# A little gift for a lovely friend



## ichliebedich

Could someone please help me with this? I'd like to write a friend in Dutch saying:

Here's a little gift for a lovely friend who make me feel like the luckiest person on the face of the Earth! 

Hugs N Kisses!




Heel erg bedankt!


----------



## ichliebedich

Does it go along this line? Maybe something like...?

Hier is een kleine gift voor een mooie vriend die me maken als de gelukkigste persoon op het gezicht van de Aarde voelen!


----------



## teorema

I would say:
Hier is een cadeautje voor een fantastische vriend die me de gelukkigste persoon op aarde maakt!

It is nor clear if the friend refers to male or female person. If you refer to a female friend, us should use "vriendin".


----------



## ichliebedich

Hoi! Dank je wel! 

Does it make sense to tell my friend:

"U bent zo nadenkend, zo zoet!" ?


----------



## Joannes

ichliebedich said:


> Hoi! Dank je wel!
> 
> Does it make sense to tell my friend:
> 
> "U bent zo nadenkend, zo zoet!" ?


I'm afraid it doesn't. If this was meant to mean 'you are so thoughtful, so sweet', I would suggest *je bent zo attent, zo lief*.


----------



## ichliebedich

I have sent her the postcard with "U bent zo nadenkend, zo zoet"! 

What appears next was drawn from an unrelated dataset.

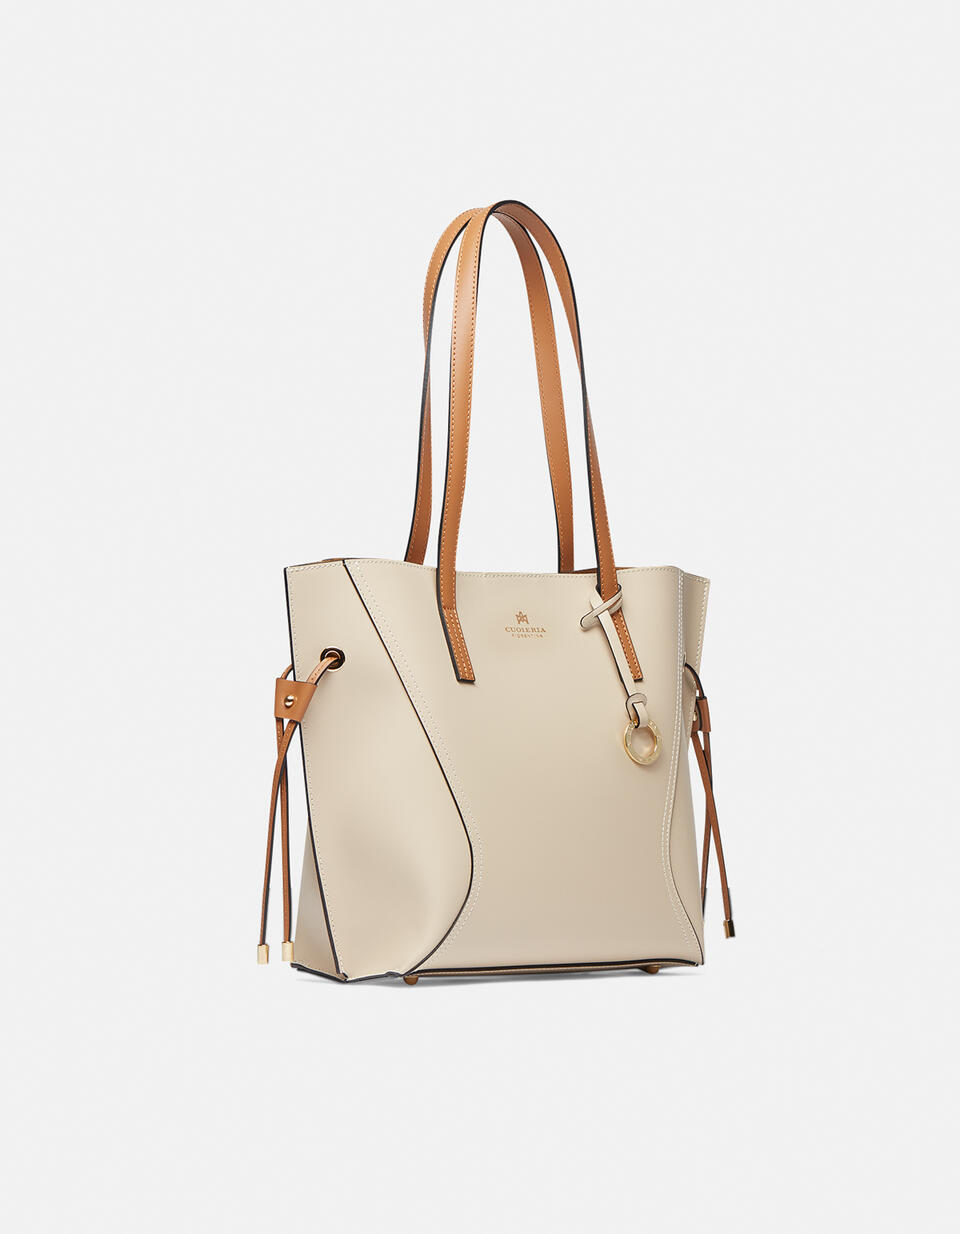 shopping bag in calf leather - SHOPPING - WOMEN'S BAGS | bags BEIGECUOIO - SHOPPING - WOMEN'S BAGS | bagsCuoieria Fiorentina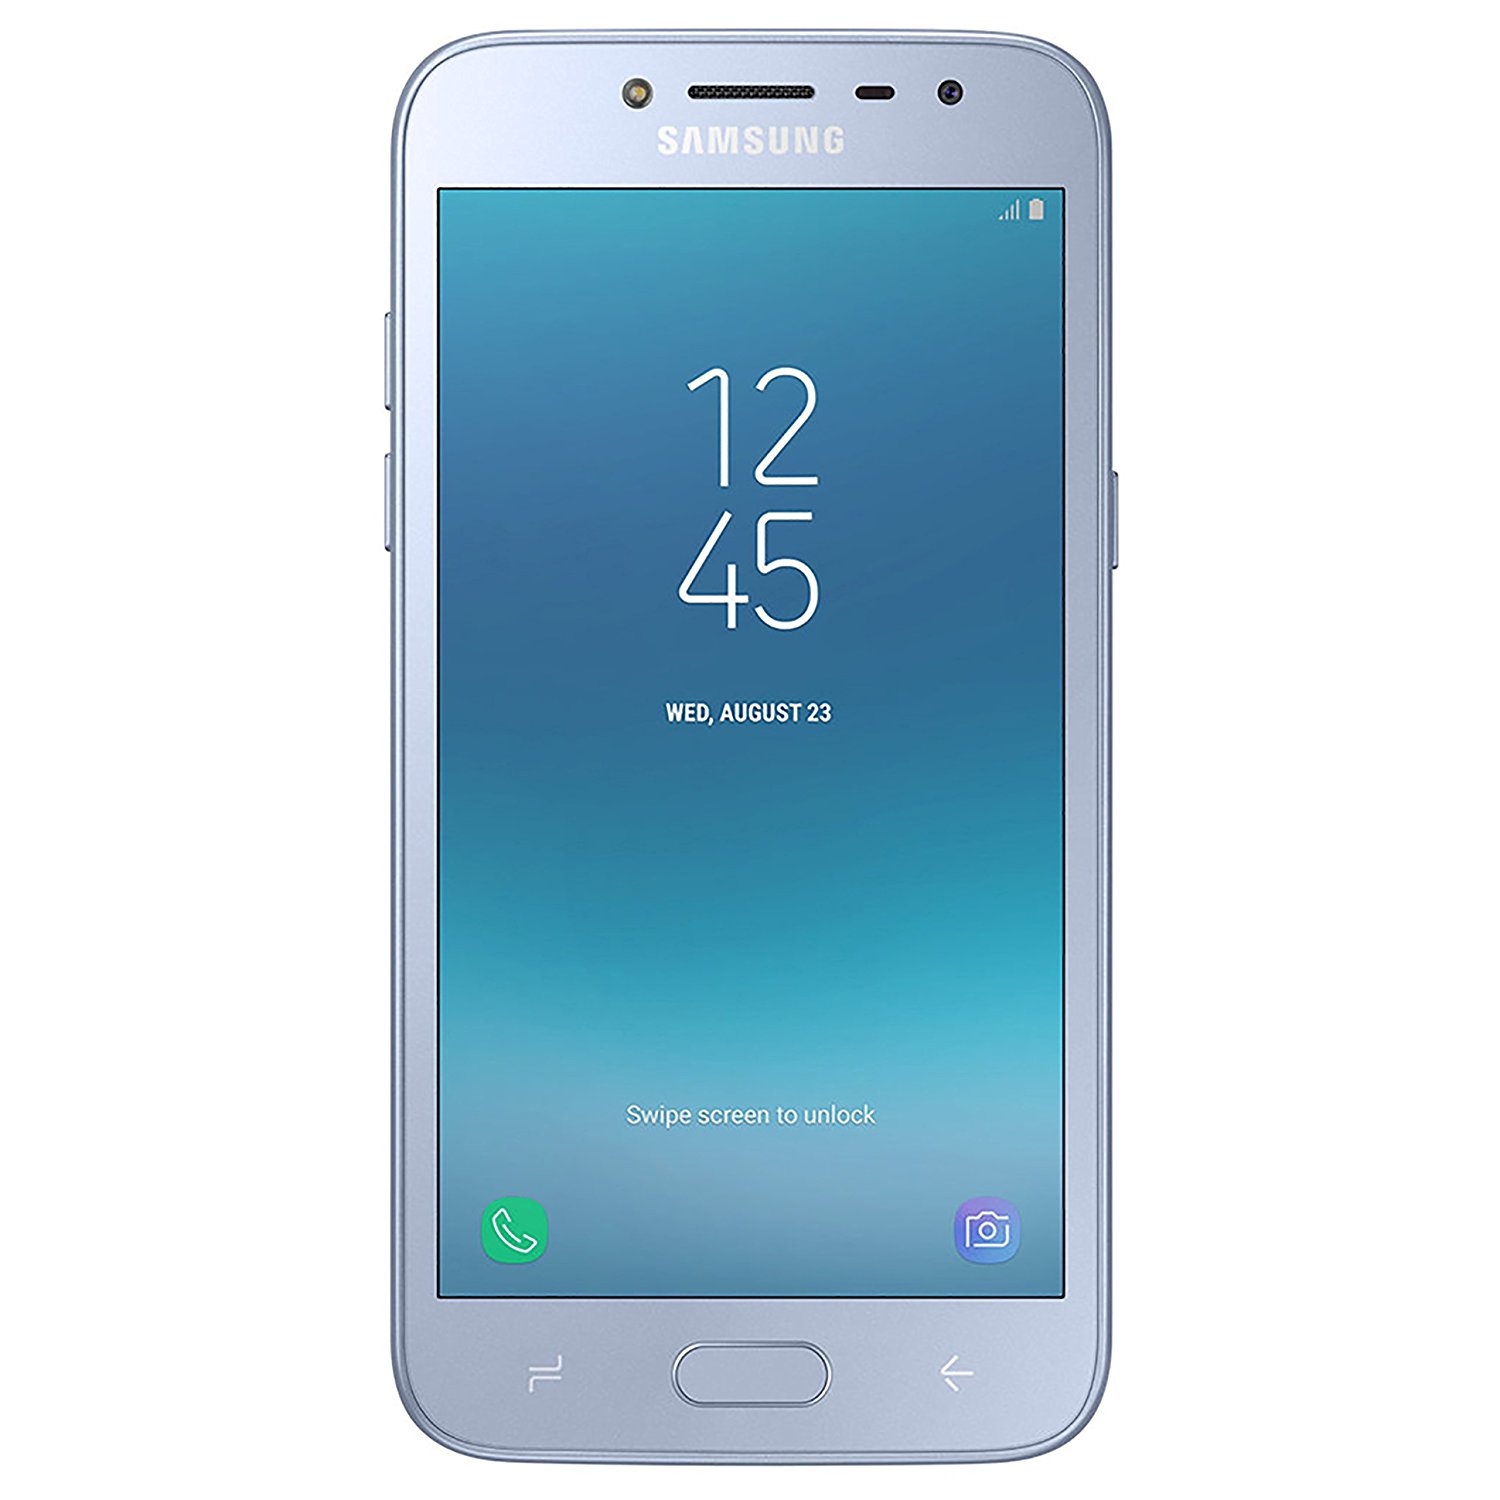 Samsung Galaxy J2 Pro J250M Unlocked GSM 4G LTE Android Phone w/ 8MP Camera - Silver

Haha, I believe she forgive me for my very lousy Dutch!  But hey, how did you figure that I was going to tell her that she's so thoughtful, so sweet? You think she will be able to make "a little" sense out of it anyway?


----------



## HKK

"U bent zo nadenkend, zo zoet" sounds _very_ poetic In English, it would render something like "Milady, you are so pensive, so sweet". Or even "Thou art so pensive, so sweet." Your friend should not be disappointed to receive your postcard. It's not everyday language but it's beautifully said


----------



## ichliebedich

Haha  That's good enough! 

To everyone who have been so helpful: Heel erg bedankt! Dank je wel!


----------